Esper Says US Has Legal Authority to Attack Iranian Soil

The January 3 assassination of Iranian Quds Force commander Qasem Soleimani saw Iran-US tensions soar to new heights, prompting an Iranian missile attack on US forces in Iraq and briefly sparking fears of a full-blown military conflict in the region.

The United States has the legal and constitutional authority to continue attacking ‘Iranian proxies’, in Iraq or even on Iran’s home soil, in response to attacks against US troops, Defence Secretary Mark Esper has said.

According to Esper, President Trump is entitled to attack Iran under Article 2 of the US Constitution, which gives the president the power to unilaterally engage in military actions in the event of an ‘attack upon the United States, its territories or possessions, or its armed forces.” The president’s rights are also backed up by the Authorization for Use of Millitary Force (AUMF), the legal measure passed by Congress in 2001 following the September 11 terrorist attacks, Esper suggested. The latter document has been renewed annually for nearly two decades, and used to justify US wars and military deployments around the globe, from Afghanistan and Iraq to the Philippines, Georgia, Yemen, Djibouti, Kenya, Ethiopia, Somalia and Eritrea.

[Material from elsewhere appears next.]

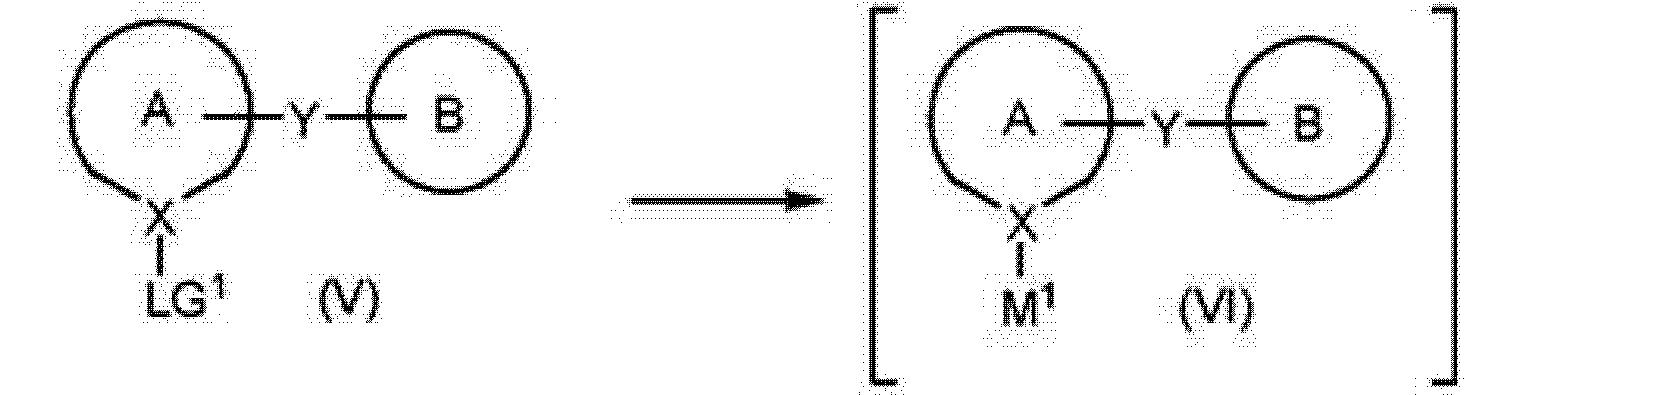 Figure CN103596944AC00022

The latter assertion, including the claim that Iran provided Iraqi militias with arms to attack the US after the 2003 invasion, remains questionable. However, there is substantive and documented evidence to suggest that Soleimani actually indirectly assisted US efforts against Osama bin Laden and al-Qaeda* in Afghanistan and by targeting Wahhabi terrorists in the campaigns against Daesh (ISIS)* in Iraq and Syria.

Shifting Narrative

Senior officials at the White House, the Pentagon and the State Department have had a difficult two weeks justifying the US decision to assassinate Soleimani, with the rationale shifting from claims that he posed an “imminent” threat to US interests, to President Trump’s comments Monday that it didn’t matter whether the threat was imminent or not because of the general’s “horrible past!” In recent days, anonymous officials speaking to US media alleged that the US actually began planning to kill Soleimani as far back as July 2018, with the periods of June 2019 and September 2019 also mentioned.

Soleimani, 62, was killed on January 3 when the convoy he and a senior Baghdad-allied Shia militia leader were in was hit by a US drone strike at Baghdad International Airport. The commander’s death led tensions between Iran and the US to spike to new highs, with Iranian leaders and commanders warning that they would “avenge” Soleimani’s death. On January 8, Iran’s Revolutionary Guards launched close to a dozen missiles at US bases in Iraq, with Tehran warning Baghdad about the strikes several hours ahead of time.

On Monday, Iranian Chief Justice Ebrahim Raisi announced that the Iranian government would seek to prosecute President Trump in an international court over Soleimani’s assassination.